Figure 2. Response surface and contour plots of poly(γ-glutamic acid) production by Bacillus sp. FBL-2 showing the mutual interactions of independent parameters. Other variables except for two variables in each figure were maintained at center point level. (A), sucrose and L-glutamic acid; (B), sucrose and yeast extract; (C), sucrose and citric acid; (D), L-glutamic acid and yeast extract; (E), L-glutamic acid and citric acid; (F), yeast extract and citric acid.

Fig. 3 shows the profiles of cell growth, γ-PGA production, viscosity, and productivity when Bacillus sp. FBL-2 was cultured under the optimized medium factors, and it was observed the cells were very quickly grown within 12 h of incubation period with maximum DCW of 1.28 g/l. There was no decline in the growth after 12 h, which suggests the optimized medium with sufficient amounts of L-glutamic acid and sucrose. The experiment was conducted for only 12 h and maximum production of 44.04 g/l γ-PGA was obtained with 19.59 cP viscosity. This amount of γ-PGA production under the optimized condition was almost similar to the predicted γ-PGA production (43.52 g/l). γ-PGA production was not considerably increased after 12 h probably because this fermentation was performed under the flask cultivation (data not shown). On the other hand, the maximum γ-PGA production using the non-optimized medium was only 3.96 g/l with 19.11 cP viscosity.

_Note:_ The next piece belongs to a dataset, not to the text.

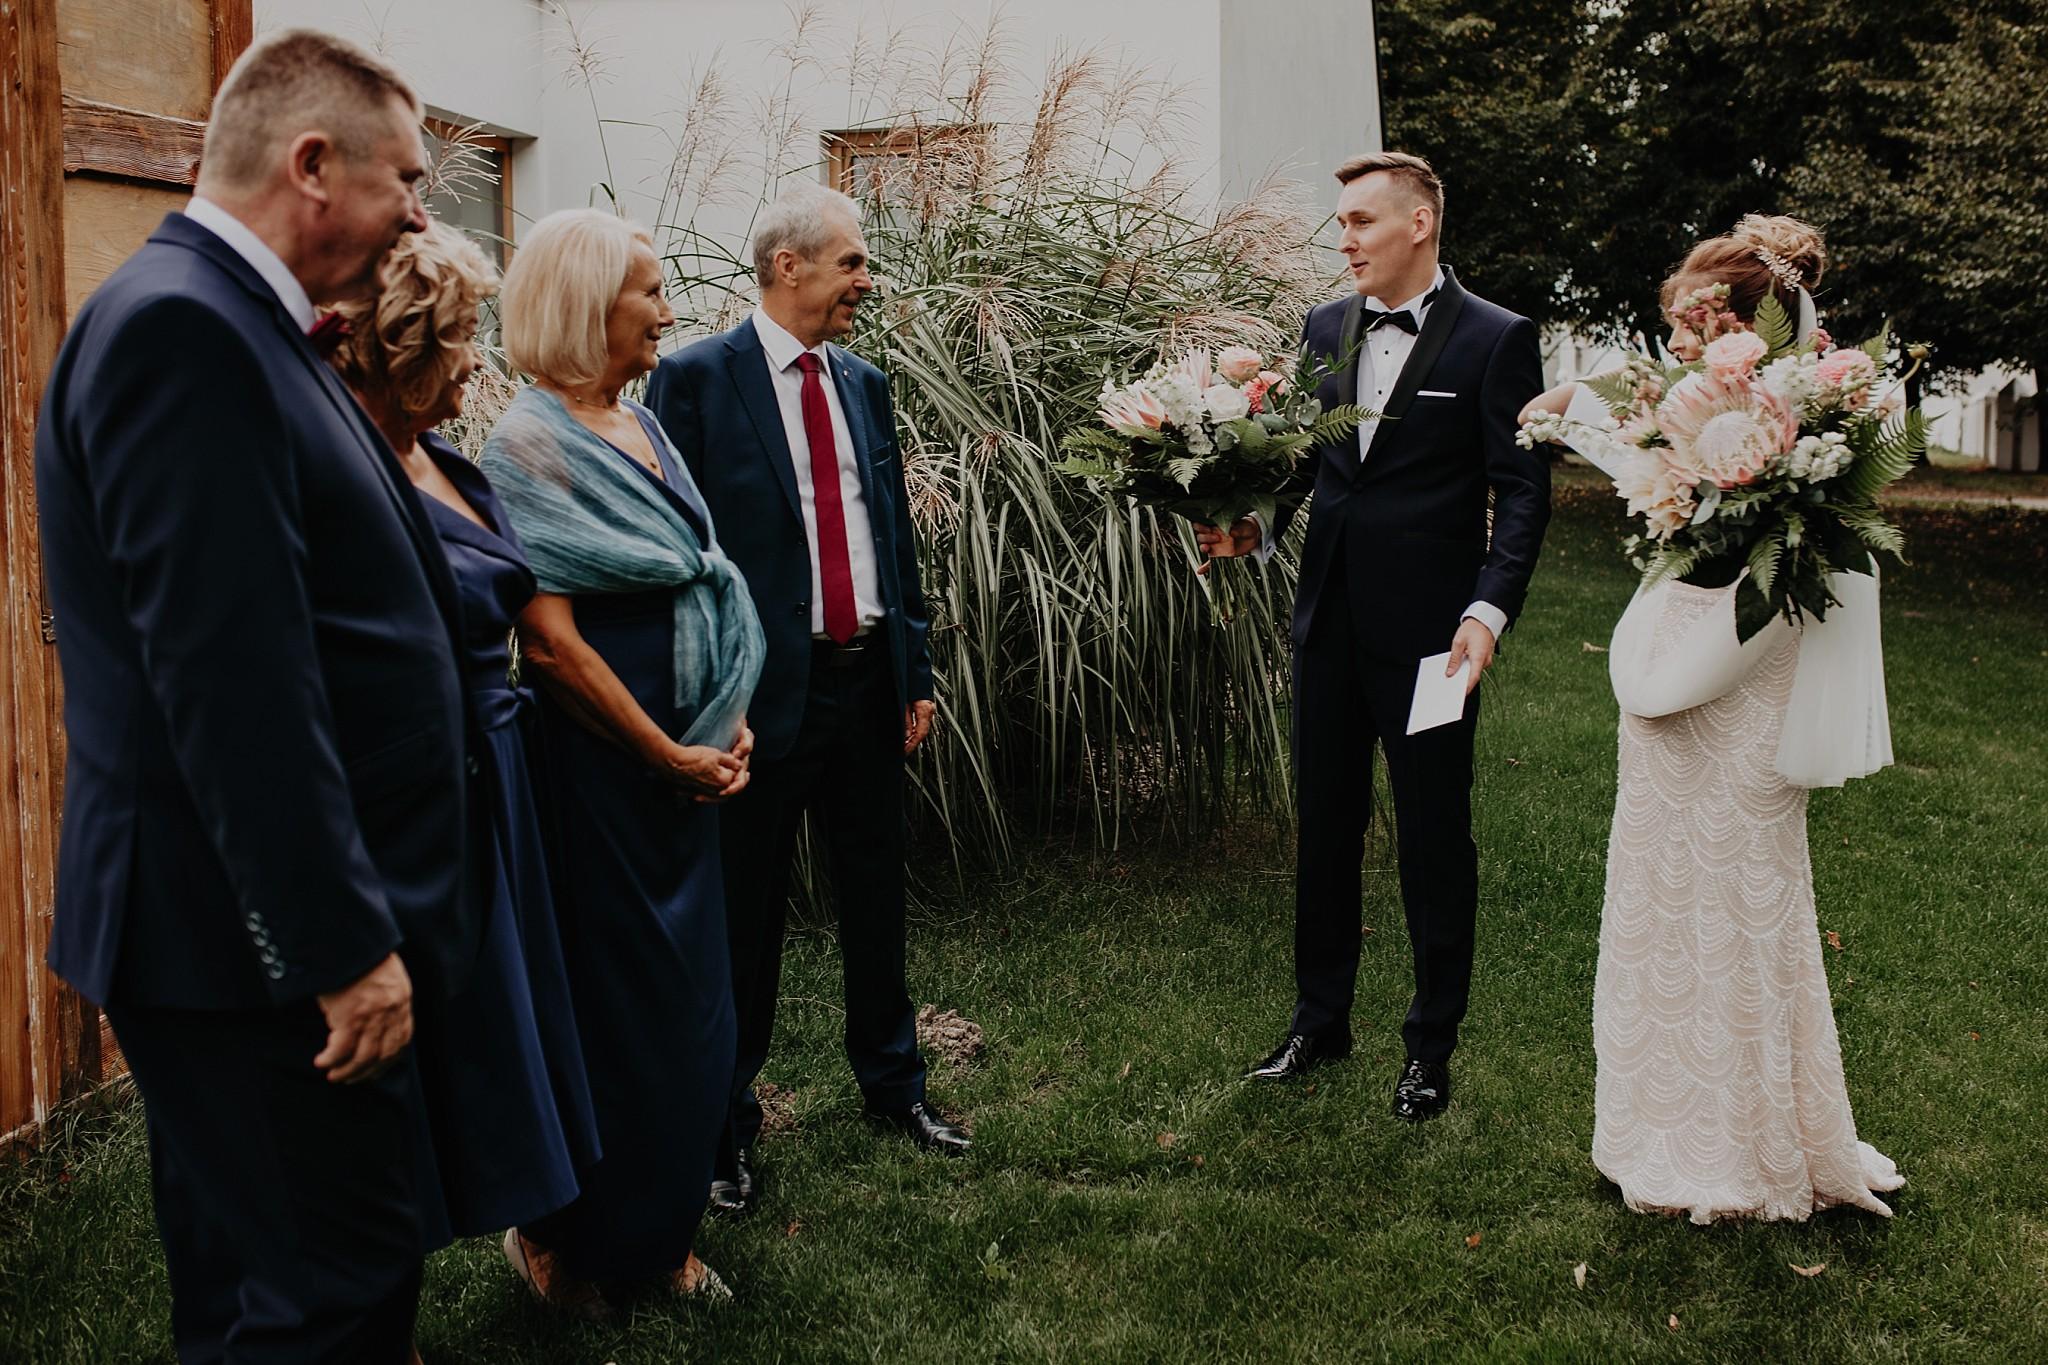 fotograf poznan wesele dobra truskawka piekne wesele pod poznaniem wesele w dobrej truskawce piekna para mloda slub marzen slub koronawirus slub listopad wesele koronawirus 093

From the above results, it can be concluded that a significant improvement (11.12-fold) in the production of γ-PGA was achieved using sucrose and yeast extract as carbon and nitrogen sources within a lesser incubation period (Table 5). The close relationship between the predicted and experimental response values from the investigation demonstrated the validity and acceptability of the statistical model for the optimization of the medium nutrients, allowing for maximum yields.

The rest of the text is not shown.